Anxiety in children is normal. Worries become more prevalent in children over 8 years as they start to imagine the future and potential bad things that can happen (read more here ).

"Remember, the goal for most kids isn't to eliminate anxiety completely. It's really about giving them the skills to manage anxiety so it doesn't get in the way of enjoying life."  (Beyond Blue)

I have put together 5 simple and achievable strategies that will support and foster your child's well-being, especially when they're experiencing anxiety. I feel that these are the strategies that will create the biggest impact:


Quality is key here. Ensure you make family time for talking, listening and participating in activities together. This is not an exhaustive list by any means, but could include:

  • Have dinner together at the table.

  • Read together.

  • Take walks together.

  • Fix things together.

  • Watch movies together.

  • Play games together.

  • Cook together.

  • Take family trips.

Location: Wentworth Falls, Blue Mountains National Park.

I can't stress enough how important it is to stay well-connected to your children as they get older; continue to be interested and vested in their education. Communication skills are highly necessary in the pre-teen and teen years which are often fraught with uncertainty and peer pressure - mix in some hormones and you've got yourself some intense times!

And last but not least, ensure that you look after your own well-being. Unfortunately parenting does't always allow this. I aim to nourish myself with good food, good reads, good people and good humour - I'm a girl with simple needs!


Journals can be a helpful tool to help manage anxiety for both children and adults. I find using a template for my child's journal helps to articulate her thoughts and feelings - see below image. (It also has the added benefit of getting some writing practise in before she returns to school!)

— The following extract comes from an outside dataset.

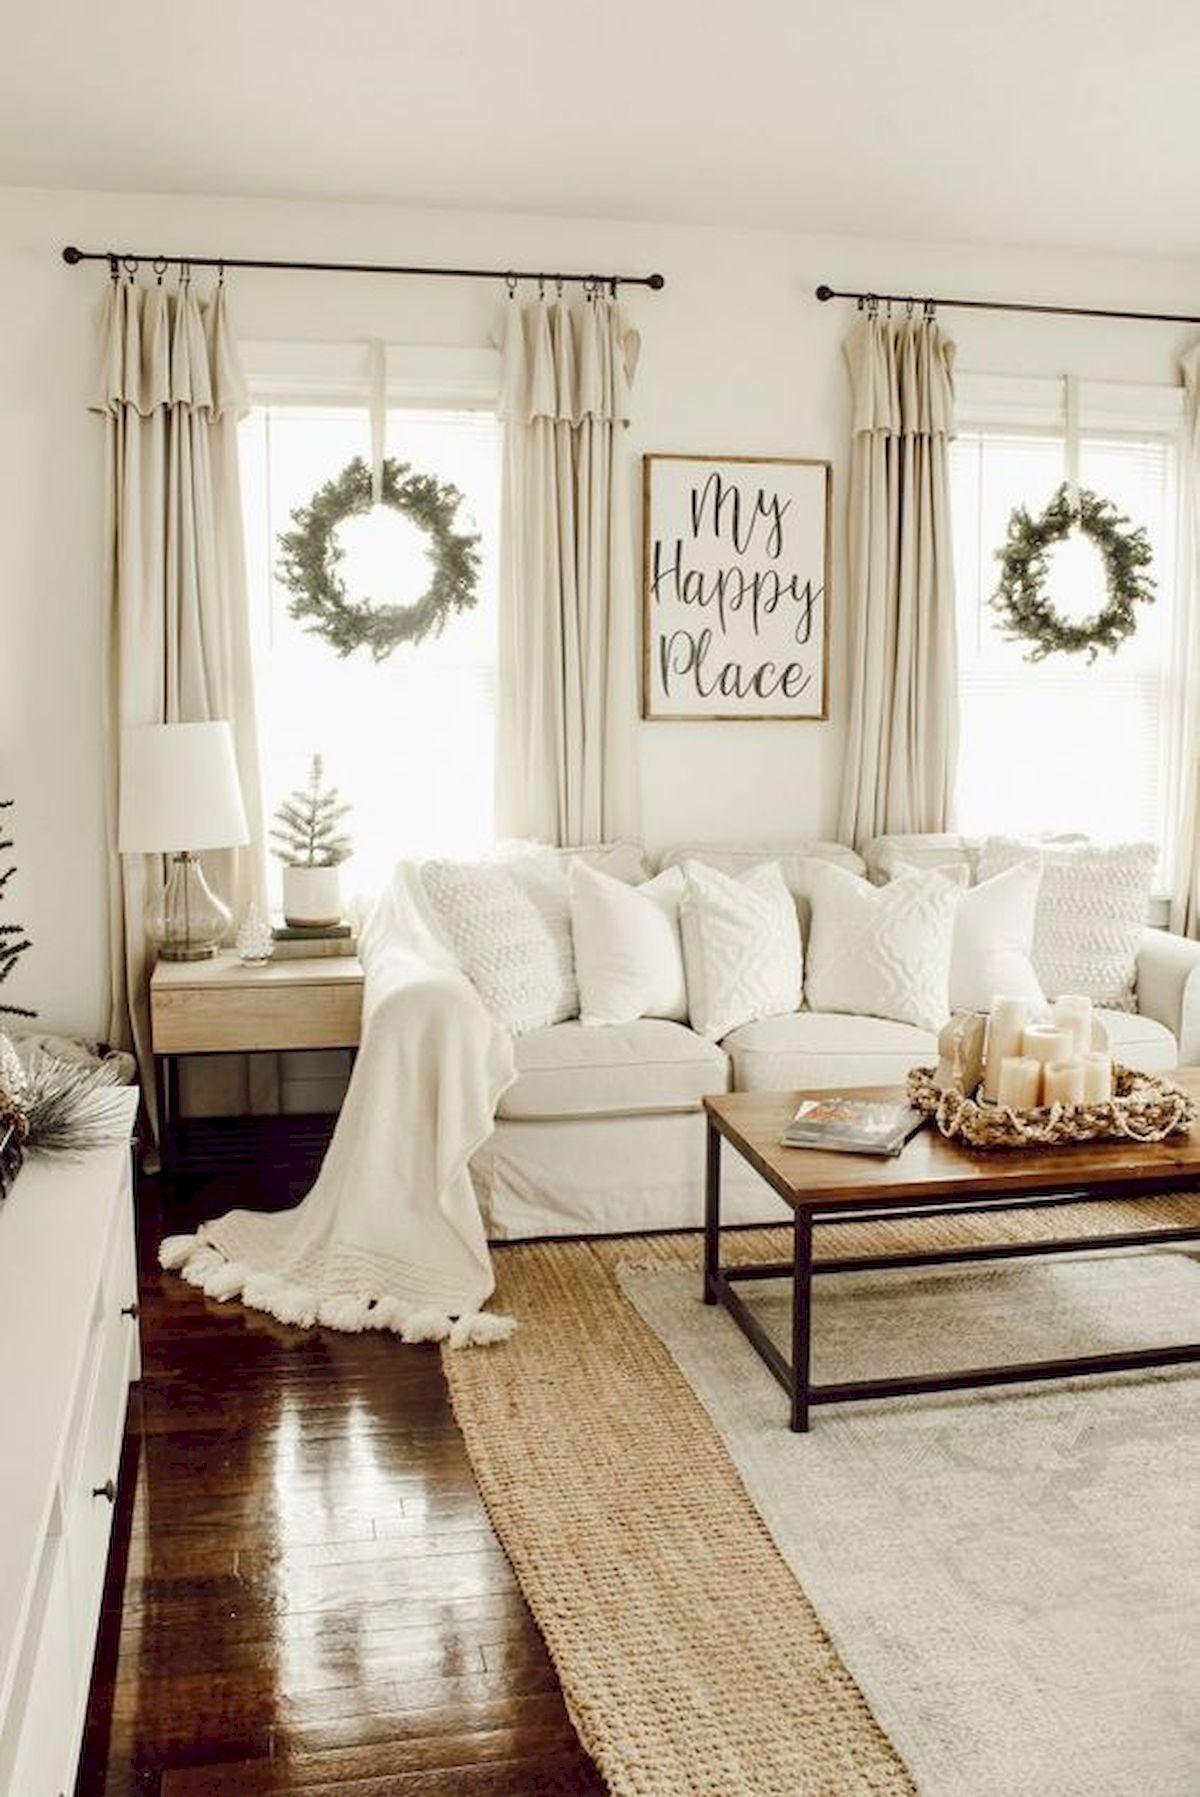 33 Stunning Farmhouse Living Room Curtains Design Ideas An

And let's not forget sleep. Mindfulness activities can improve sleep. Good amounts of sleep can also improve daily well-being and reduce anxiety!


One of the dreams that I had for my family when we moved to the Blue Mountains was to walk through nature and not a concrete environment. I yearned to feel grounded and not so wound up. Nowadays, we walk to-and-from school (which usually involves some whingeing!) as it allows our children to de-stress and feel supported before and after their day. The cherry on top is when we walk with our neighbours. It makes us feel connected to our community. Loneliness and isolation is a reality ...and not just for adults.

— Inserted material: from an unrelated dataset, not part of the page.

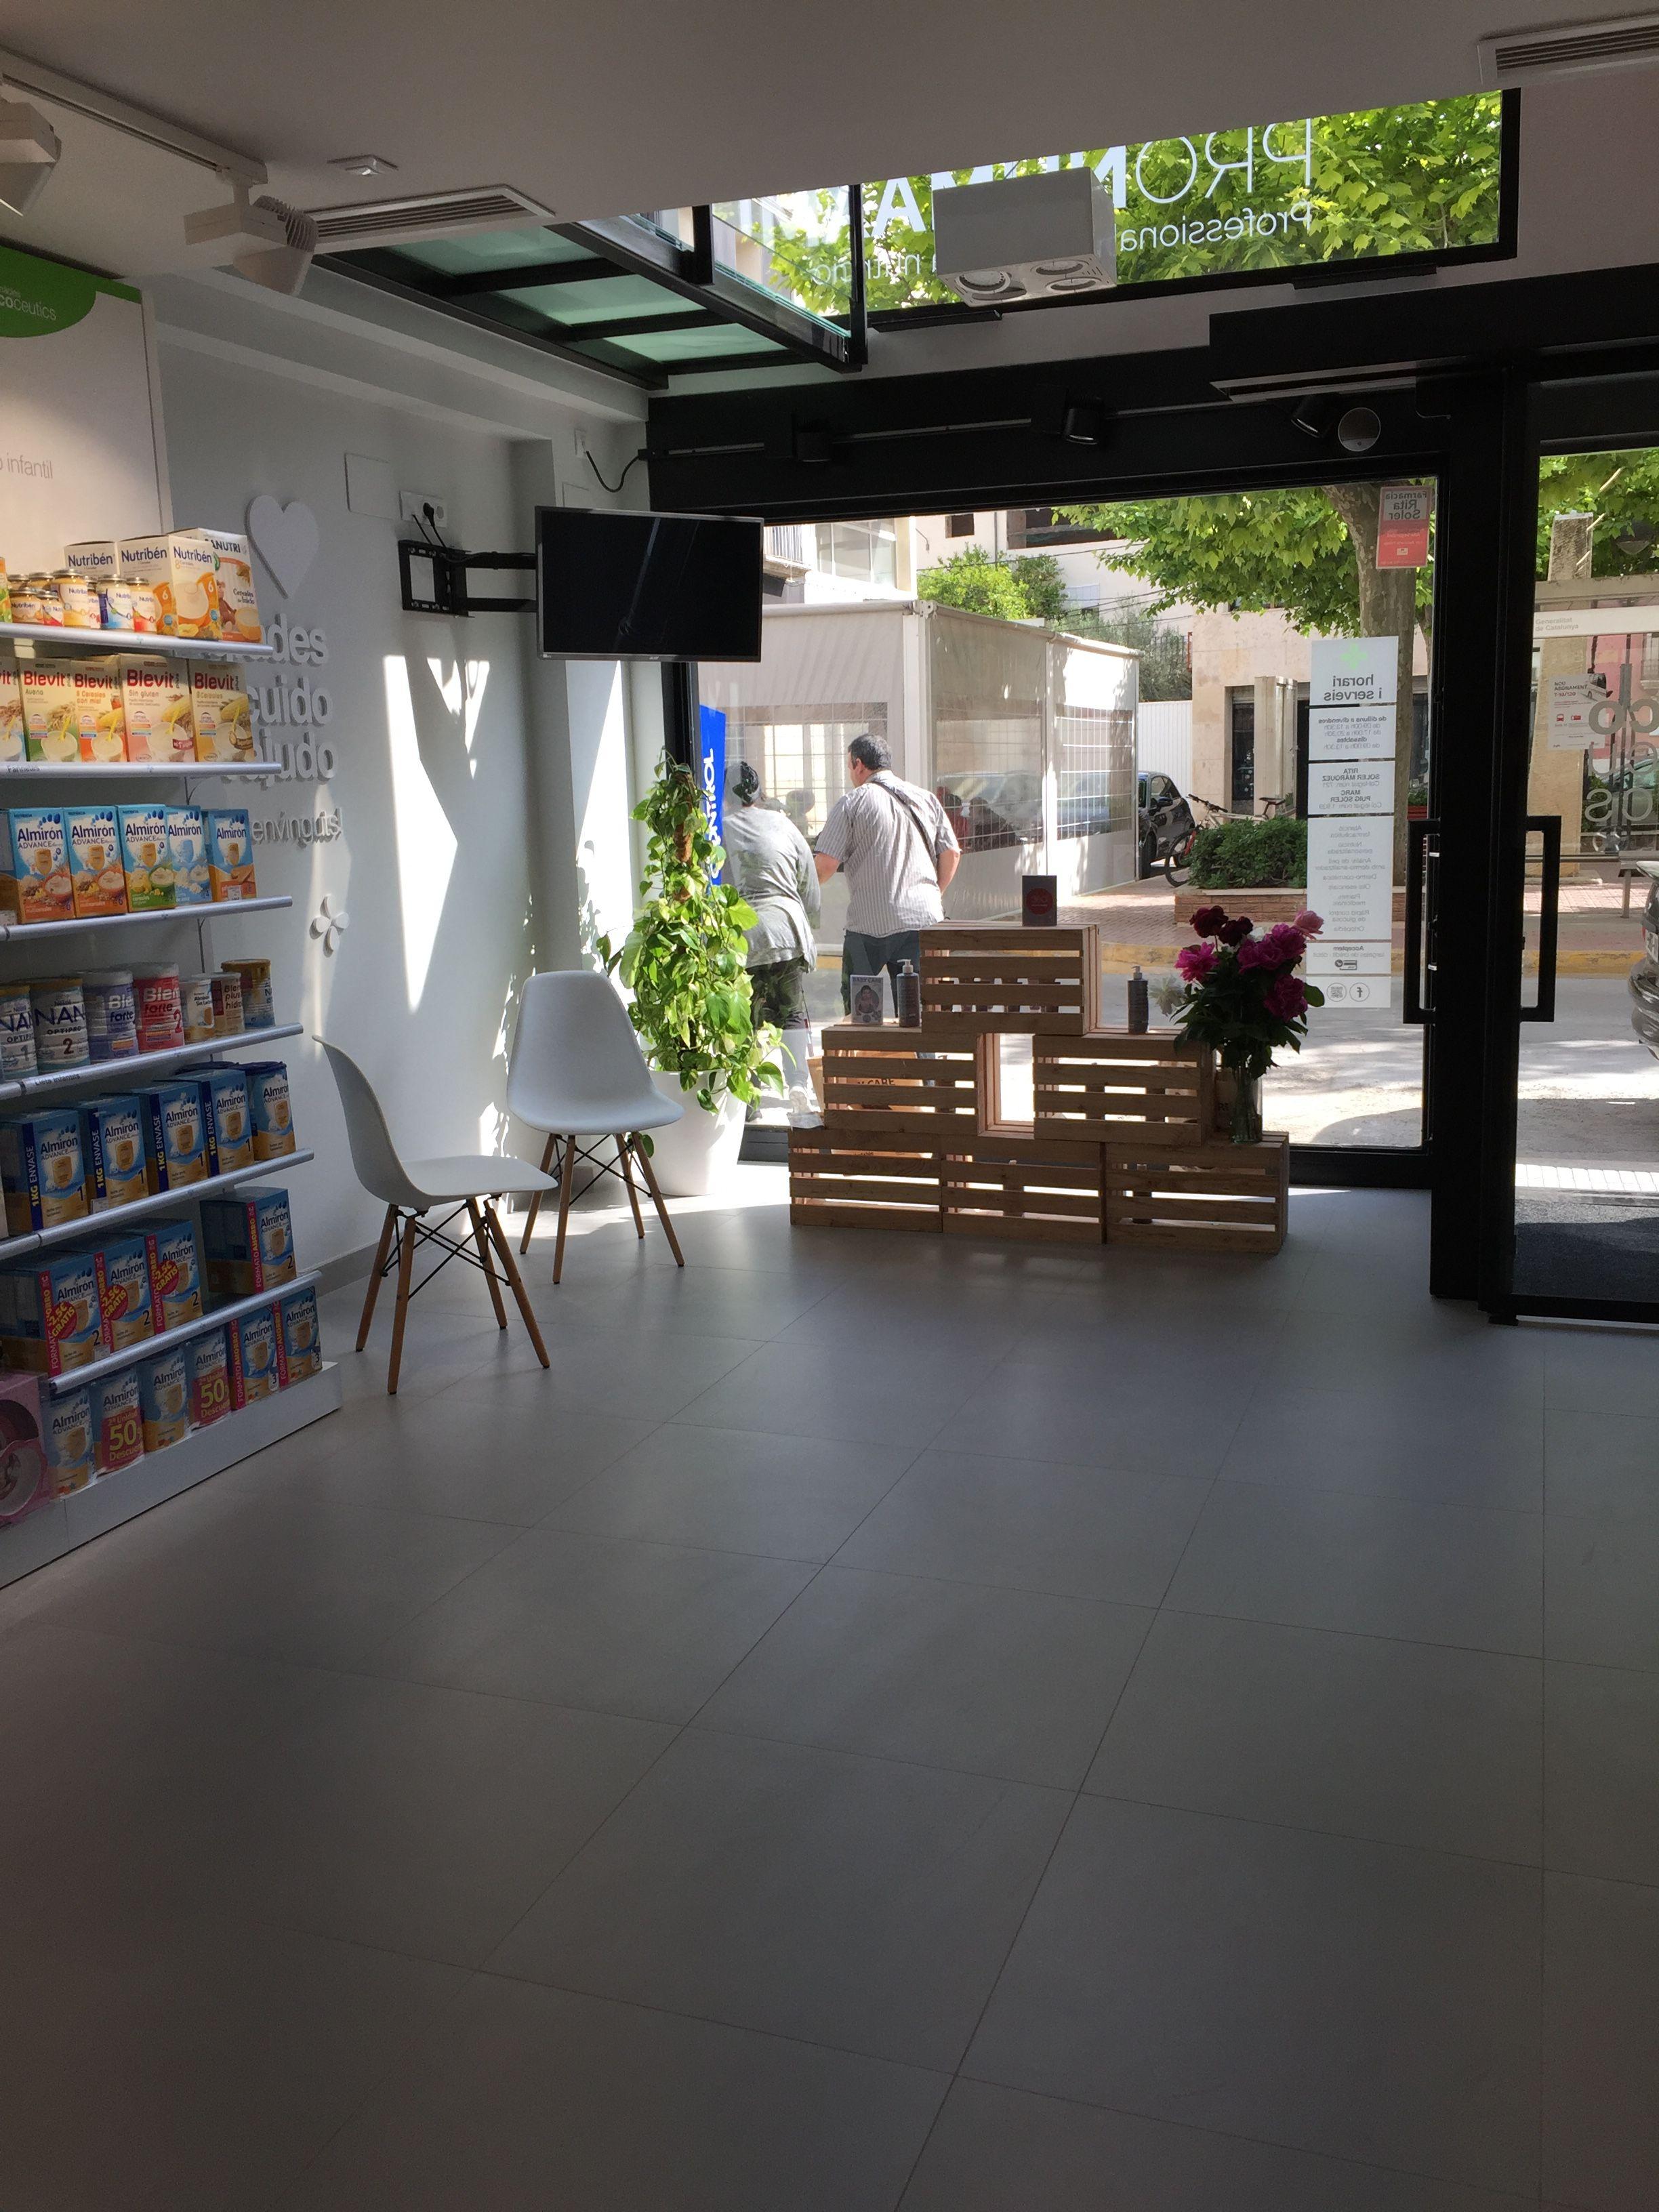 Farm Cia Rita Soler Ecoceutics Farmacias Pharmacy Ulldecona  # Muebles Ulldecona

Location: Jamison Valley, Blue Mountains National Park.


Let me start off by pointing out that as an educator there are positive benefits to technology, especially for those those who have learning difficulties and/or disabilities. Technology needs to be carefully monitored especially around social media, inappropriate content and over-use. Keeping our children safe is of paramount importance (refer here for further information). Providing real human connections for your children is important for their social development. There is enough evidence around that links anxiety in children and social media use. I would encourage you to monitor usage and not to be complacent. Up-skill yourself and your children.

' may be both the cause and solution to all of life’s problems. Technology makes our lives more certain, convenient, and entertaining, but we lose out on chances to practice coping with uncertainty, inconvenience, and boredom.' (PsychologyToday)


Schools can be a wonderful place, but it can also be a source of anxiety for some. I highly encourage you to be as communicative with your child's teacher as possible; email is often the best mode of communication. An excellent teacher and/or executive staff can guide and support your child through it. From a teacher's perspective, I encourage parents to be an active participant in their children's education, praise efforts no matter how big and be aware and ready to act when your child needs support. Bear in mind, mental health days are for children too, not just adults.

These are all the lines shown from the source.